Отложив газету, Прохор взглянул на сестру и залюбовался ею. Белизна ее халата и косынки особенно как-то подчеркивали целомудренную красоту ее почти детского личика.
— А-а… сестричка! — приветствовал он ее. — Ты мне вдвойне сестрица — и по медицине и по родству. Ну, как тебе, девочка, тут работается?..
— Я довольна, Проша, — сказала она.
— Не раскаиваешься, Надюша, что ушла из дому?
— Нет, братец. Я вот вырвалась из своей станицы и поняла, что до сей поры я еще не жила на свете… Какая еще я темная… Боже ты мой!.. Погляжу кругом: люди умные, ученые… А я, как дурочка… едва грамоте знаю… Вот доктор все хвалит меня, говорит, что я хорошо ухаживаю за ранеными. Непременно, говорит, подучу тебя и будешь сестрой милосердия… Мне и радостно это слышать, а в то же время и страшно…
— Чего ж страшного-то, глупая? — улыбнулся Прохор.
— Да не справлюсь я сестрой работать.
— Глупости говоришь. Не так страшен черт, как его малюют. Я вот тоже простой казак, видишь, командую эскадроном. И справляюсь, милая.
— Ну, где уж мне до тебя, — вздохнула Надя. — Ты умный. Двухклассное училище окончил…[8]
А я что… три класса только.— Дурочка ты моя милая, — притянув к себе, поцеловал ее Прохор. — У тебя все еще впереди… Вот покончим с белыми, будешь учиться… Ты хочешь учиться?..
— Уросла… Засмеют меня, ежели я такая здоровенная сяду за парту.

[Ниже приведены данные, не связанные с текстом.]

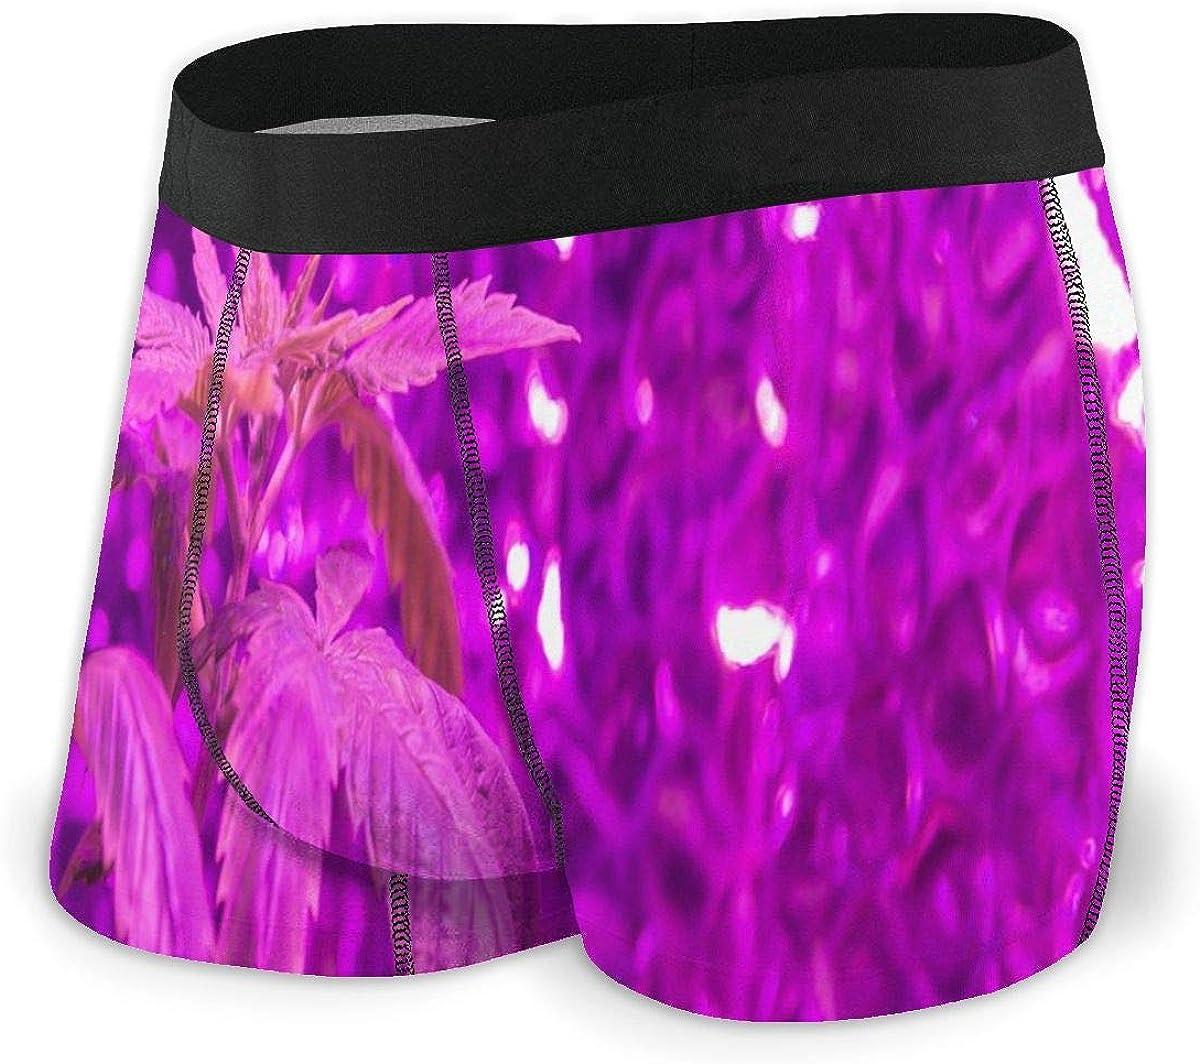 Mens Boxer Briefs Medical Marijuana Purple Bikini Underwear Stretch Low Rise Trunks Boys Underpants

— Уросла, — засмеялся Прохор. — Старики учатся — и над ними не смеются.
— Вот Митя иной раз приедет ко мне, — застенчиво проговорила девушка, — и тож об учении говорит. У него большая охота к учению. Говорит, что, мол, мы оба будем учиться… А я смеюсь…
— Митя правильно говорит. Вам обоим надо учиться… Да и мне не мешает…
— Мне вот курсы б сестер милосердия окончить, — мечтательно проговорила Надя. — Я б тогда на девятом небе была…
— А если б ты институт окончила да профессором стала, на каком ты небе тогда б была?..
— Ой, что ты говоришь, братец! — замахала руками девушка. — Куда мне… Разве ж это возможно?..
— При советской власти все возможно…
В палату торопливо вошел фельдшер.
— Товарищ Ермаков, — обратился он к Прохору, — к вам приехал какой-то командир из политотдела армии… Я ему сказал, что вы ранены и не можете разговаривать, а он настойчивый. Как же быть?
— Товарищ фельдшер, может быть, с чем-нибудь важным ко мне, — сказал Прохор. — Пропустите, пожалуйста, этого командира…
— Как хотите, конечно. Вообще-то не полагается.
Фельдшер вышел и вскоре ввел в палату одетого в больничный халат высокого, молодого мужчину лет под тридцать. Подойдя к Прохору, он отрекомендовался:
— Инструктор политотдела армии Большаков. Я к вам по делу…
— По какому?
— По очень важному, — сказал инструктор, садясь на табурет около койки Прохора. — Во-первых, разрешите узнать, как ваше самочувствие?.. А тогда уже будем говорить о деле.
— Самочувствие неплохое, товарищ Большаков. Дня через три думаю выписаться…
— Рановато, — возразил фельдшер. — Через недельку — и то еще рано… Так это, может быть, дней через десять…
— Многовато, — промолвил Большаков. — Вот если б дней через пять, то это было бы расчудесно…
— А в чем дело? — спросил Прохор.
— Сейчас поговорим, — сказал инструктор, оглядываясь на фельдшера и Надю, давая этим понять, что они здесь в данную минуту лишние.
Фельдшер с Надей вышли.
Инструктор начал рассказывать Прохору о том, что партийная прослойка в армии невелика, а особенно незначительна она в кавалерийской части Буденного.